Phases of two-dimensional spinless lattice fermions with first-quantized deep neural-network quantum states

TL;DR

This paper introduces a deep neural network approach for analyzing strongly interacting spinless fermions on a lattice, achieving high accuracy in ground state properties and phase boundary estimates.

Contribution

Develops a first-quantized deep neural network method with a Slater-Jastrow inspired ansatz for lattice fermions, improving accuracy over traditional techniques.

Findings

Accurately determines ground states and correlation functions for small systems.

Provides phase boundary estimates between metallic and charge-ordered phases.

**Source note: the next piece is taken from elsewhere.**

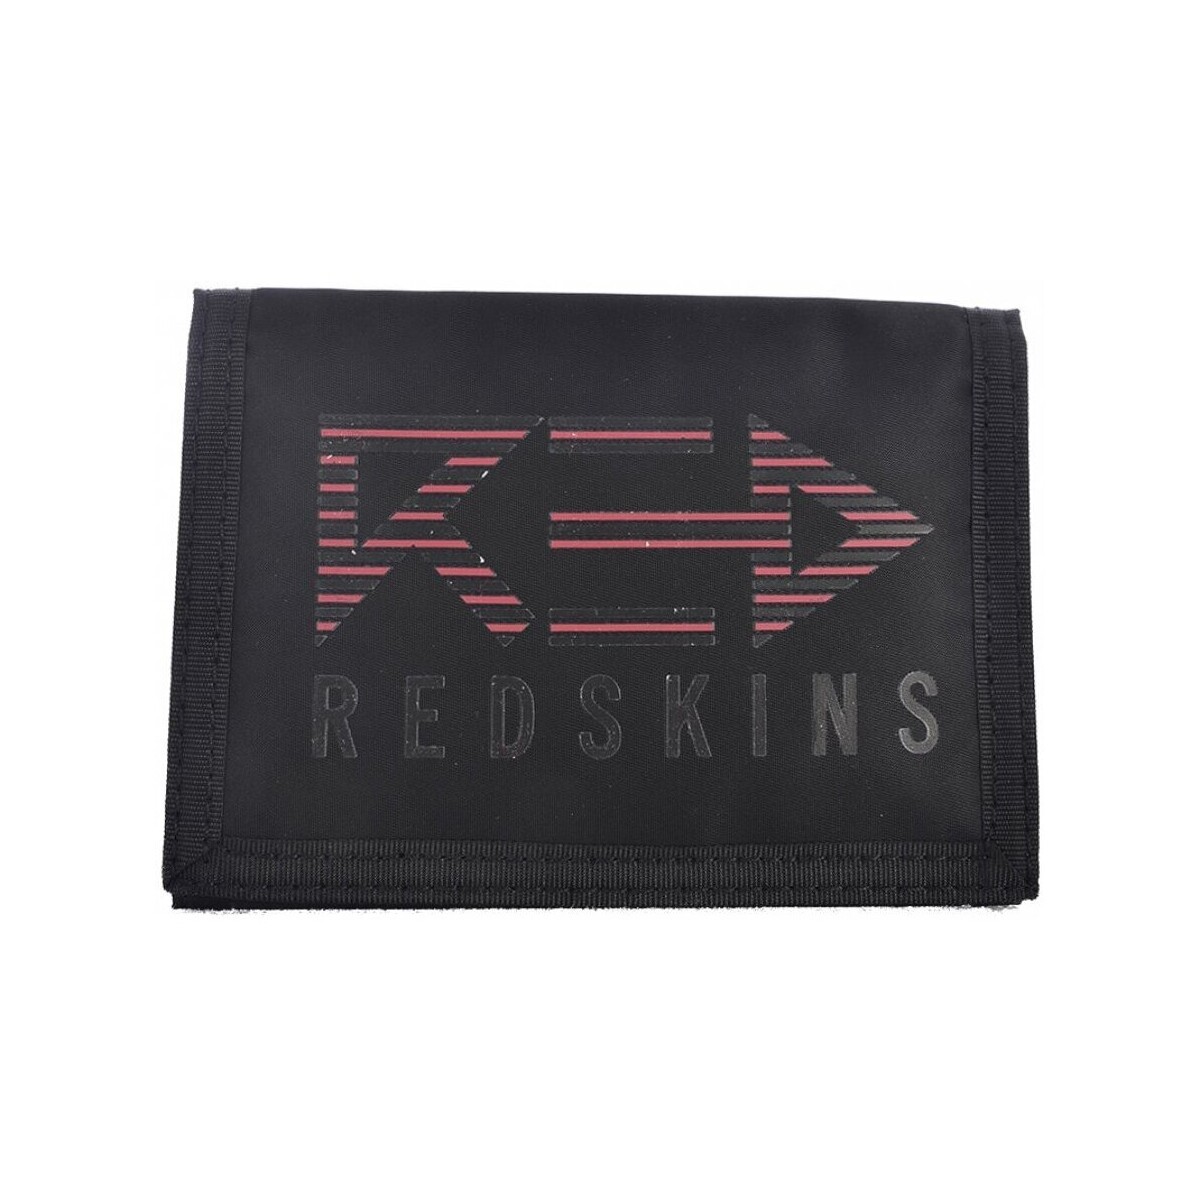 Taška Muži Náprsní tašky Redskins REDHAMILTON Černá
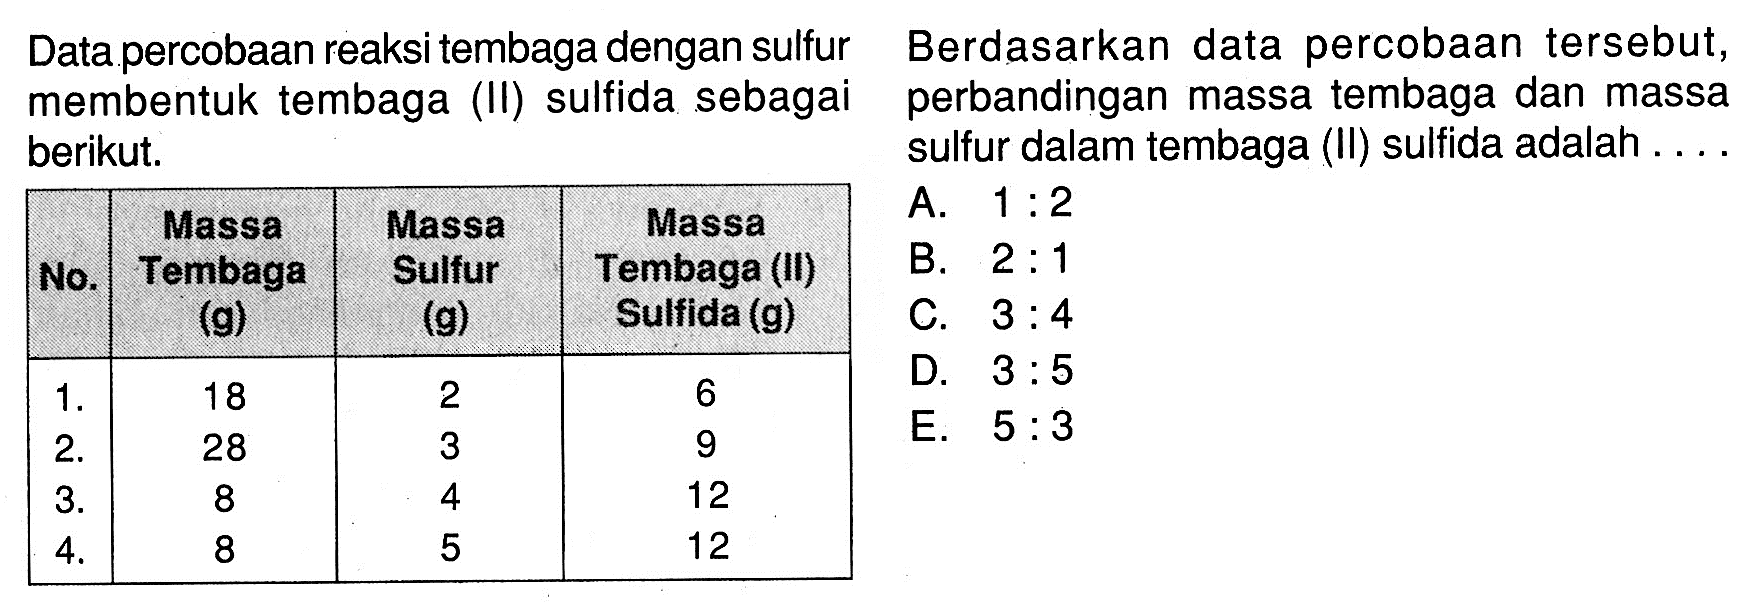 Data percobaan reaksi tembaga dengan sulfur membentuk tembaga (II) sulfida sebagai berikut.No. Massa Tembaga (g) Massa Sulfur (g) Massa Tembaga (II) Sulfida (g)1. 18 2 62. 28 3 93. 8 4 124. 8 5 12 Berdasarkan data percobaan tersebut, perbandingan massa tembaga dan massa sulfur dalam tembaga (II) sulfida adalah ....

Achieves high accuracy in large system simulations.

Abstract

First-quantized deep neural network techniques are developed for analyzing strongly coupled fermionic systems on the lattice. Using a Slater-Jastrow inspired ansatz which exploits deep residual networks with convolutional residual blocks, we approximately determine the ground state of spinless fermions on a square lattice with nearest-neighbor interactions. The flexibility of the neural-network ansatz results in a high level of accuracy when compared to exact diagonalization results on small systems, both for energy and correlation functions. On large systems, we obtain accurate estimates of the boundaries between metallic and charge ordered phases as a function of the interaction strength and the particle density.